***** Information

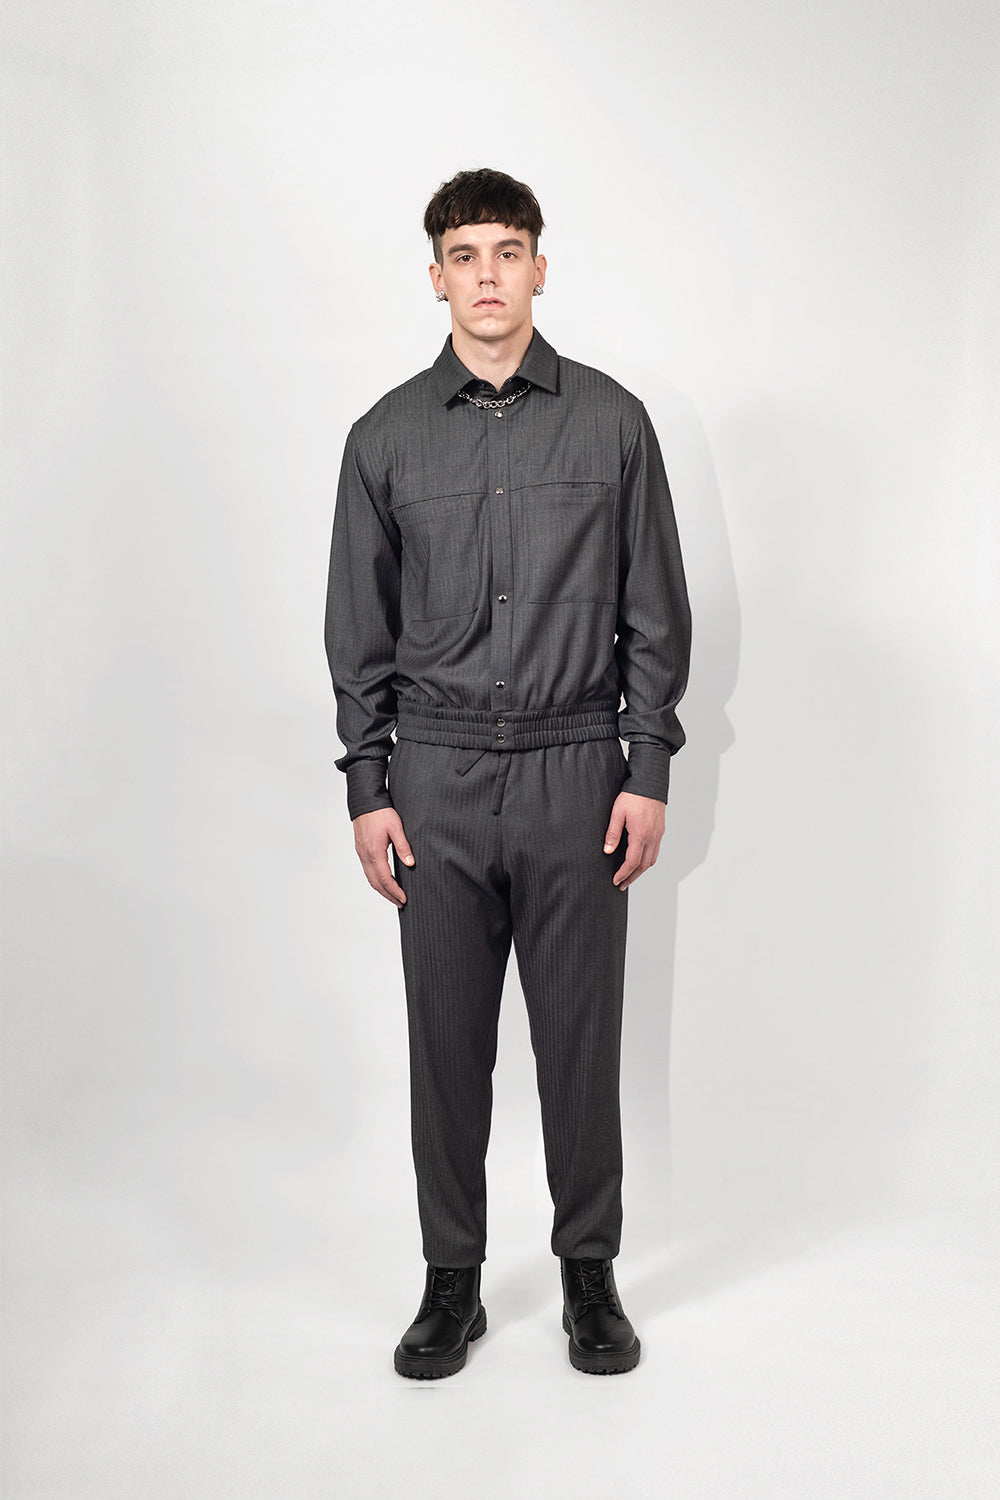 SEANNUNG - MEN - Jacket Style Striped Shirt 直條外套式長袖襯衫
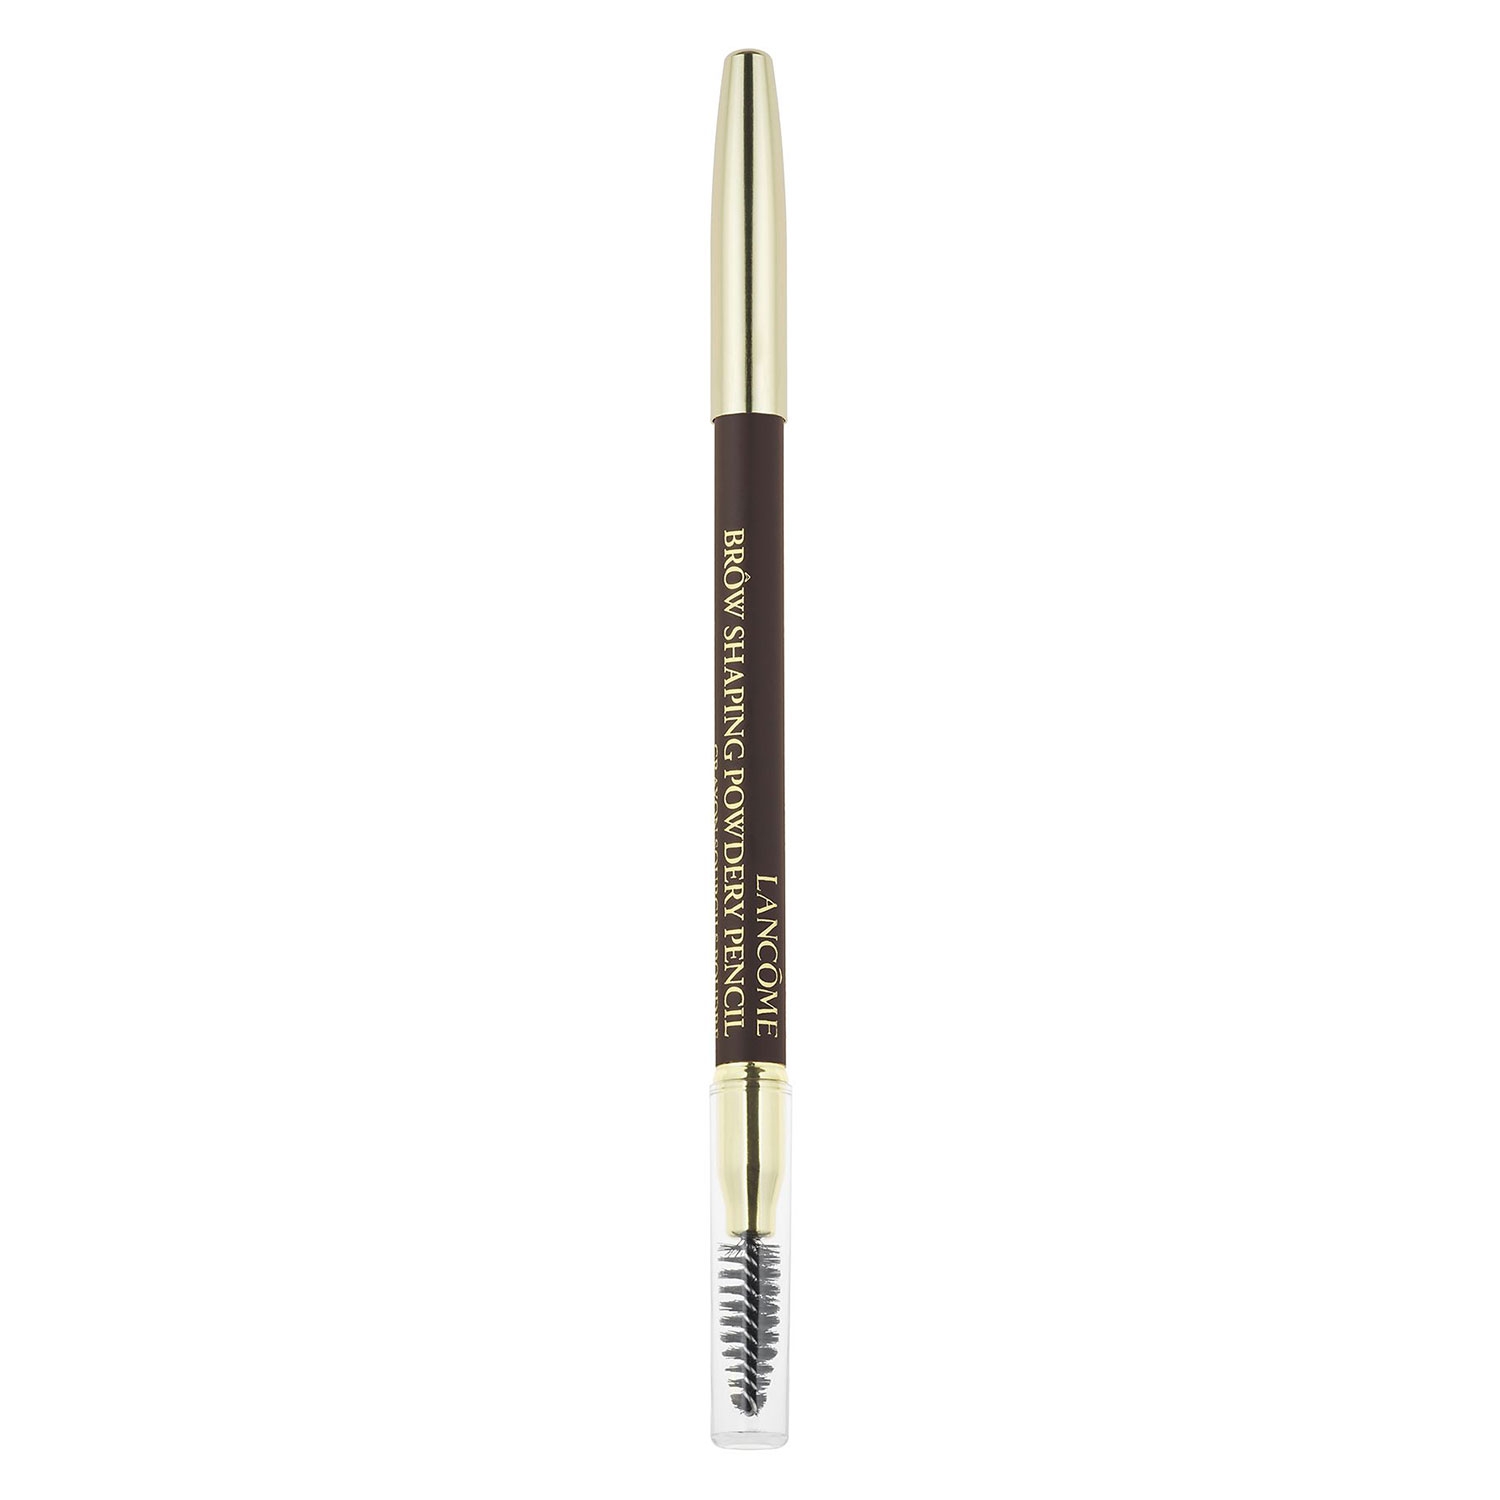 Image du produit de Lancôme Brows - Brow Shaping Powdery Pencil Dark Brown 08
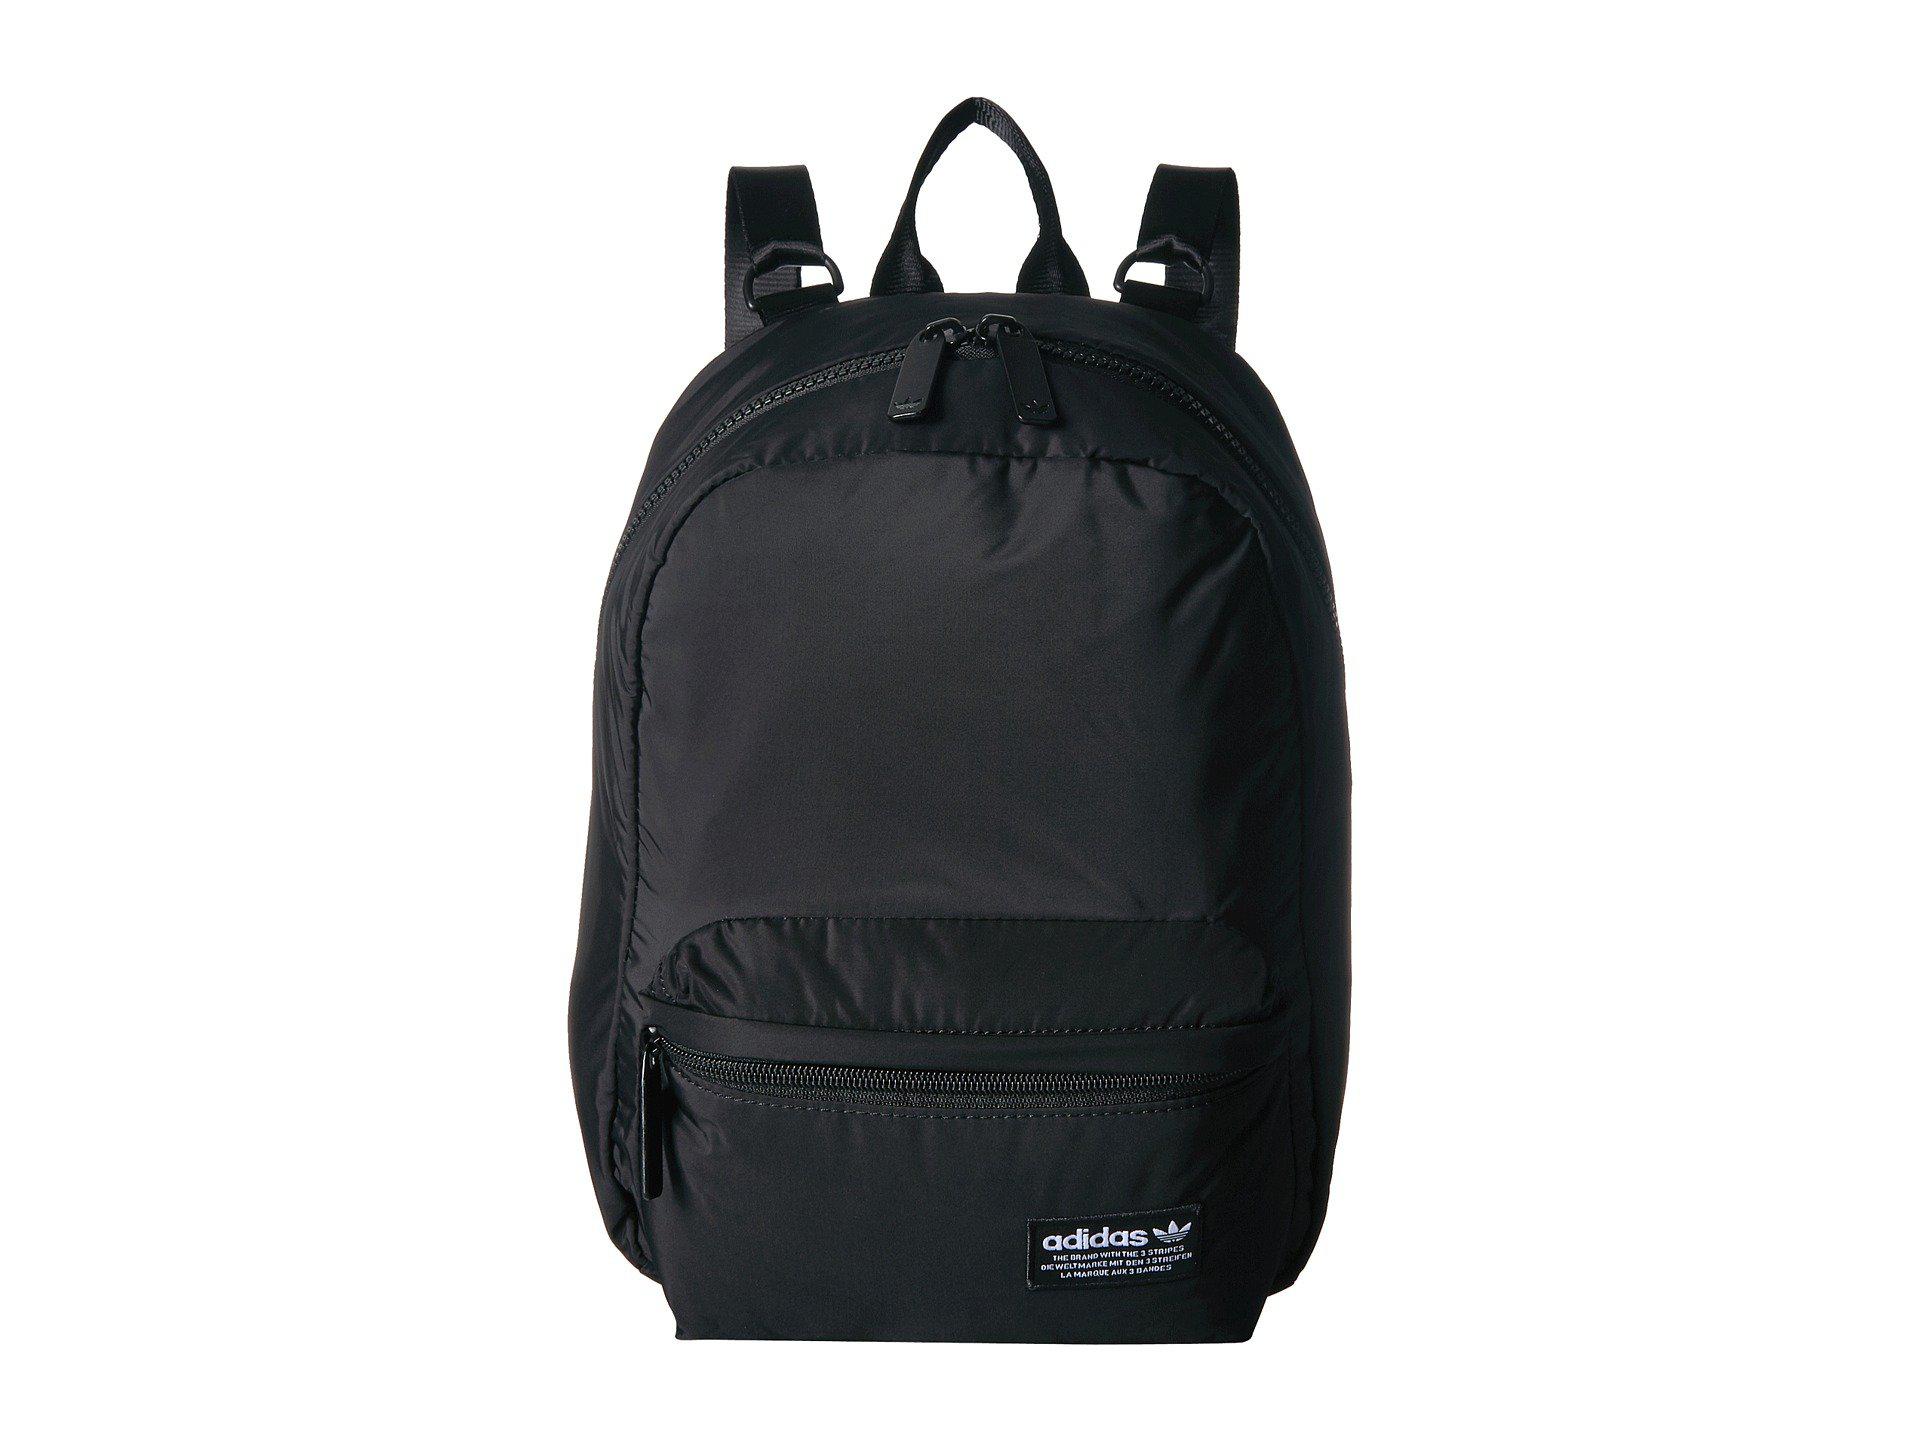 adidas compact backpack
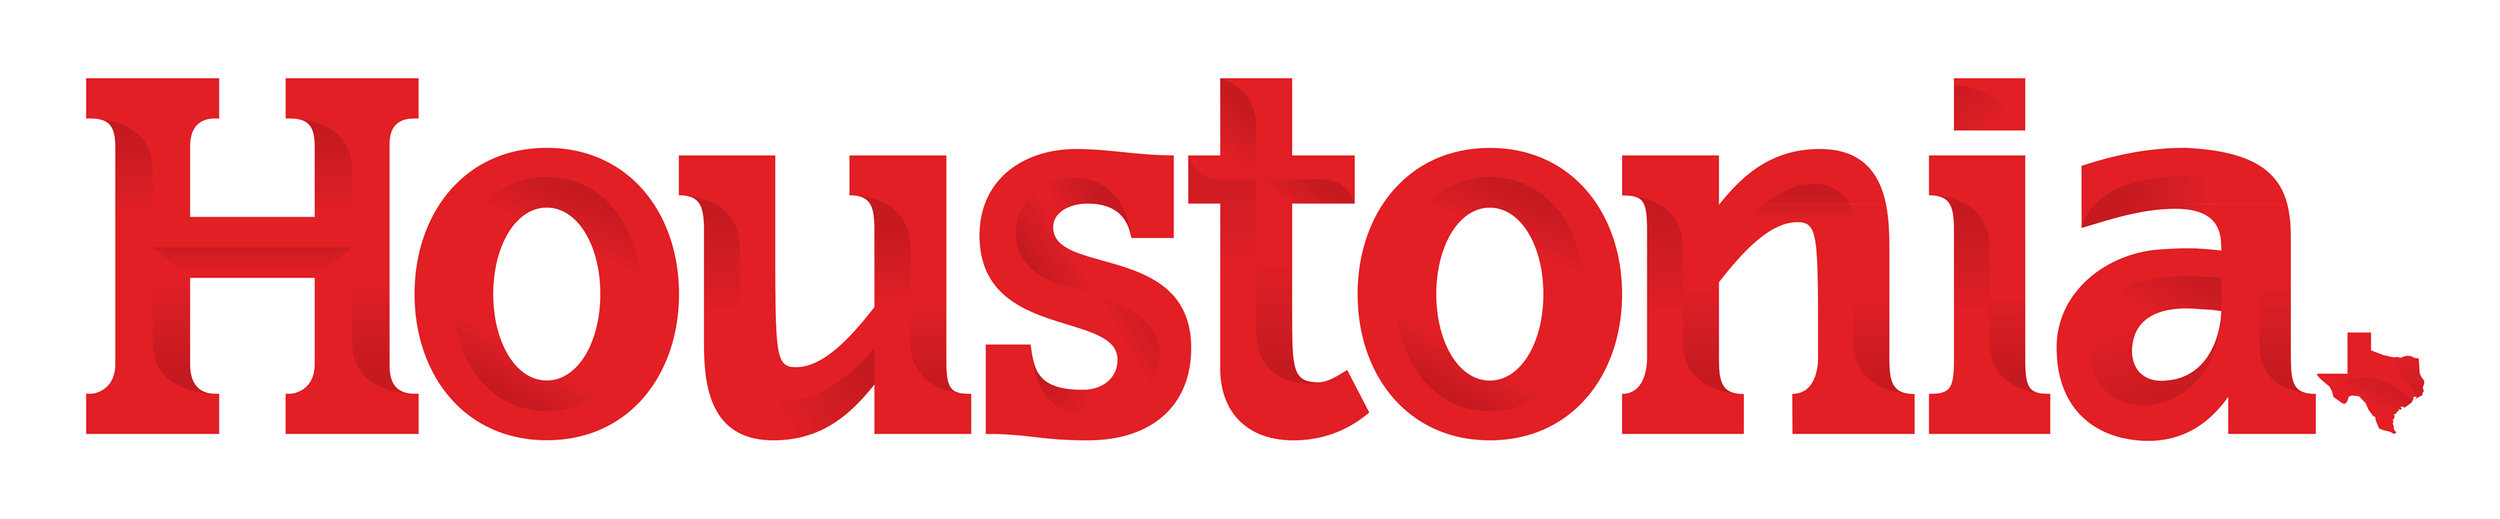 Houstonia_Logo_Red.jpg
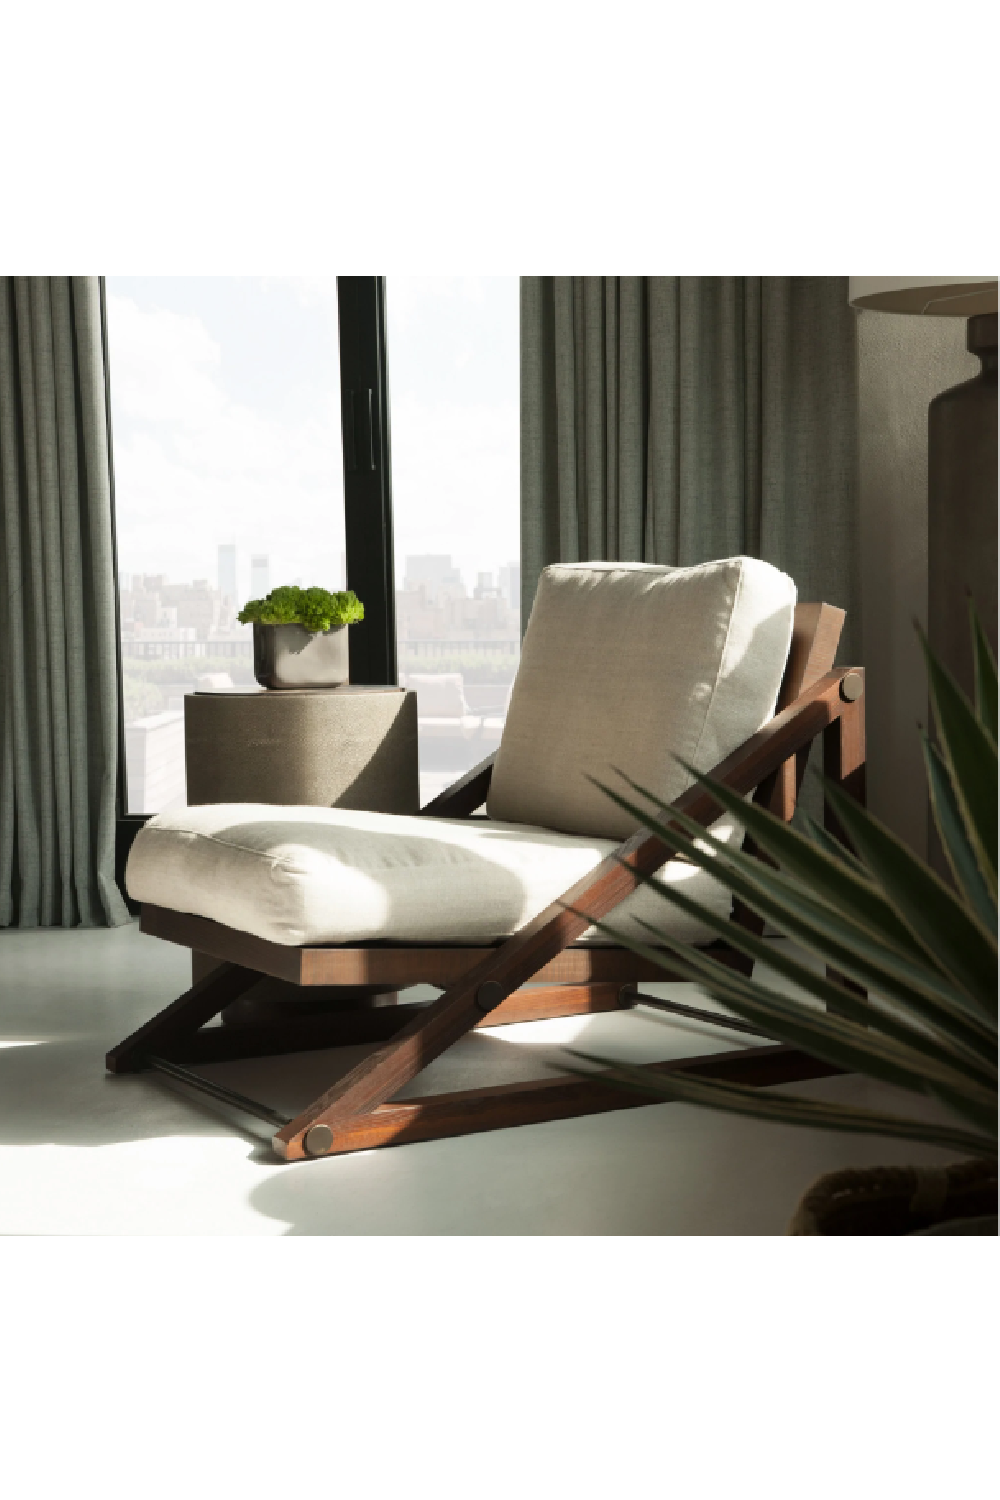 Leather Wood Framed Chair | Andrew Martin Teddy | OROA.com

**********

What you are asked to do:
Leaving out the pictures, restate word for word the lines above from the one containing "Houstonia_Logo_Red.jpg" through the end of the records, both ends included.

Problem solution:
 Houstonia_Logo_Red.jpg
 Leather Wood Framed Chair | Andrew Martin Teddy | OROA.com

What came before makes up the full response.